The typical transition to adulthood is marked by five life-stage events: leaving home, completing one’s education, starting work, getting married, and becoming a parent. Only 31 percent of men under 30 had reached those markers in 2000, compared to 65 percent just forty years earlier, providing further evidence that the transitional moment between adolescence and adulthood has become its own life stage, with adolescence beginning earlier and earlier for each generation and adulthood later and later. Adulthood is no longer marked by a series of experiences but rather a set of attitudes, Kimmel contends. When they are ready to “accept responsibility for their actions,” decide on personal beliefs and values independently of parents or other influences,” and become “less self-oriented, developing greater consideration for others” they then, in essence, feel like adults.
Not all of Guyland is bad, though. The advancing age of marriage, for example, benefits both men and women, giving them additional time to advance their careers and establish their identities before committing to a family. The reality is that most men do not commit rape or sexual assault, drink daily or to excess, think bullying and hazing are acceptable, or feel comfortable treating women as property or objects.
The problem remains that an uncomfortable individual, when faced with a silent majority led by outspoken extremists, has a tendency to go along for fear of being singled out or having his manhood and loyalty to the brotherhood questioned. Most guys do not participate in extreme behavior most of the time, but they know people who do, and most do not say anything about it. Edmund Burke’s famous line, “All that is necessary for the triumph of evil is that good men do nothing” perfectly summarizes the result of the bystander role most guys play. Kimmel explains,
[B]eing a real man isn’t going along with what you know in your heart to be cruel, inhumane, stupid, humiliating, and dangerous.

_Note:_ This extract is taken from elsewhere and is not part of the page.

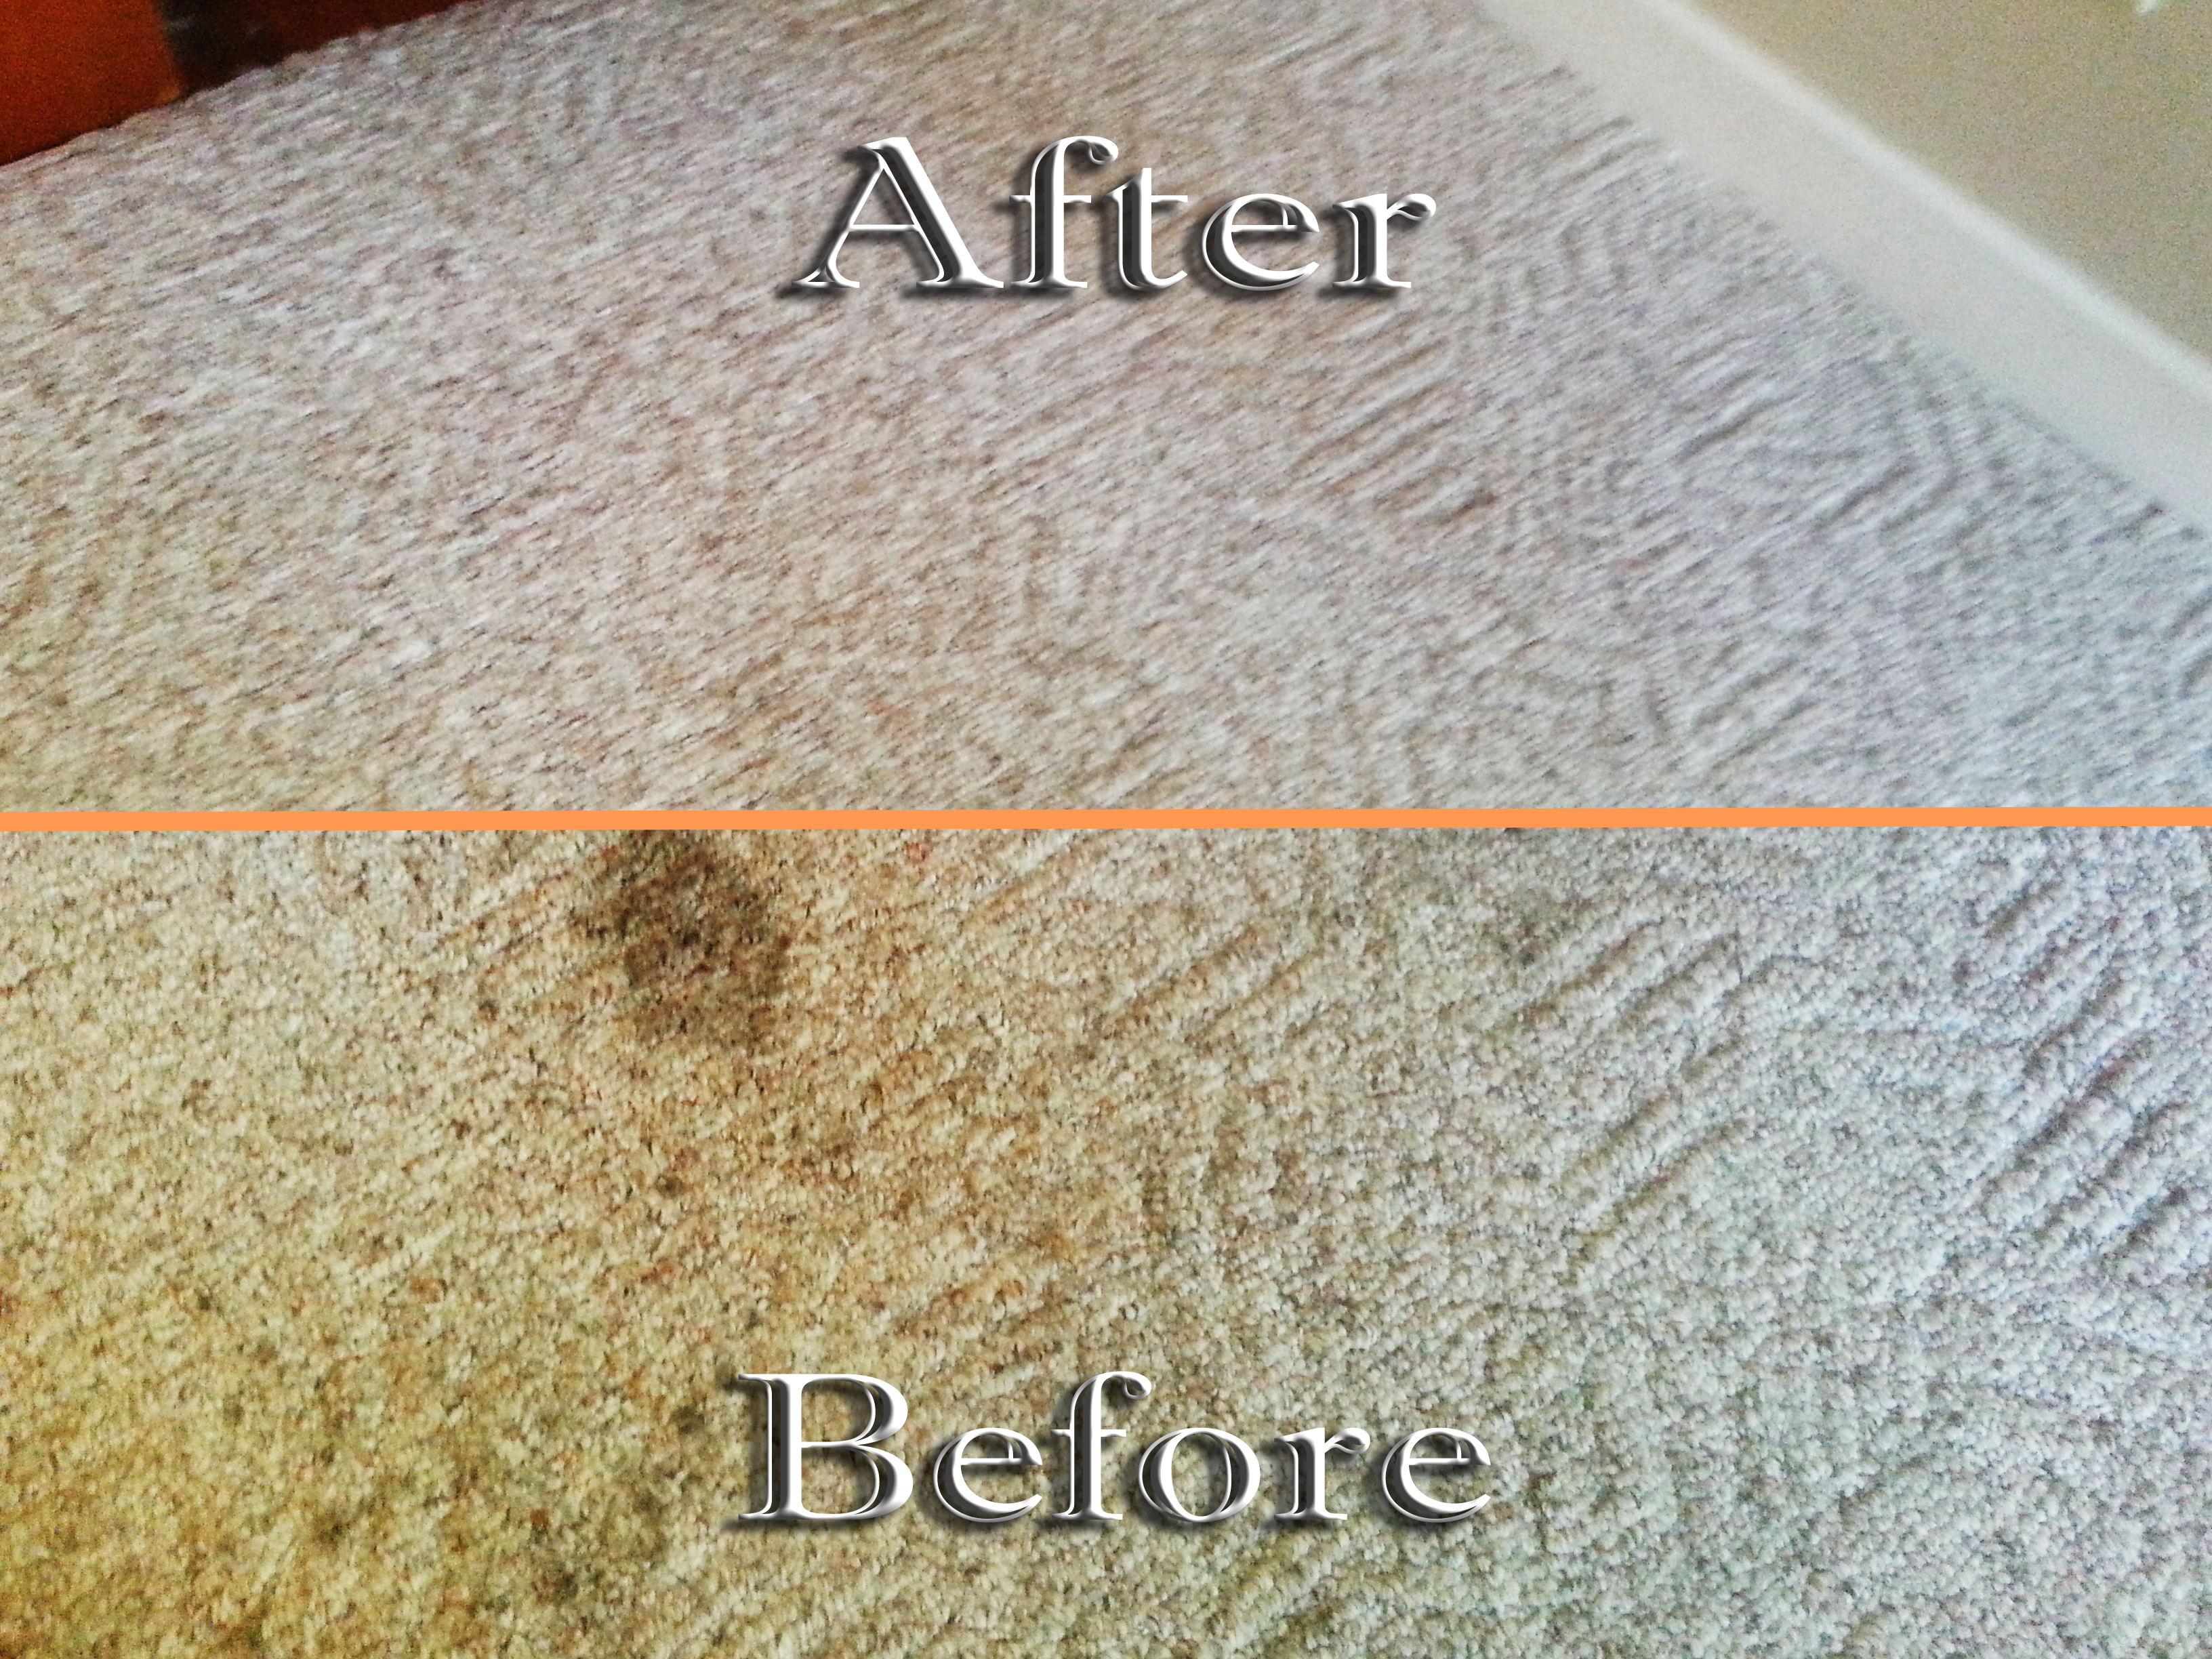 Carpet and Tile Cleaning before and after shots.

Being a real man means doing the right thing, standing up to immorality and injustice when you see it, and expressing compassion, not contempt, for those who are less fortunate (p. 287).

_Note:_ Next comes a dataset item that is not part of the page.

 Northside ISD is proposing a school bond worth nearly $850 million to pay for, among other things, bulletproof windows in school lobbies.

Being a man is about being courageous, honorable, and ethical. Something that fraternity, when done right, is all about. Sigma Nu chapters are ideally positioned to advance this conversation among their membership; whether through LEAD sessions and other intentional conversations on topics like sexual assault, alcohol misuse prevention, values, and ethics, or in developing true mentoring relationships with “big brothers” and local advisor-mentors. Fraternity men and chapters should promote true masculinity – acting as beacons of love, honor, and truth – not a promotion of excessive behavior and delayed development. Guyland is a wake-up call to the realities and effects of the college experience and surrounding years on males. Advisors, fathers, and brothers can benefit from the perspective, analysis, and advice provided by Kimmel.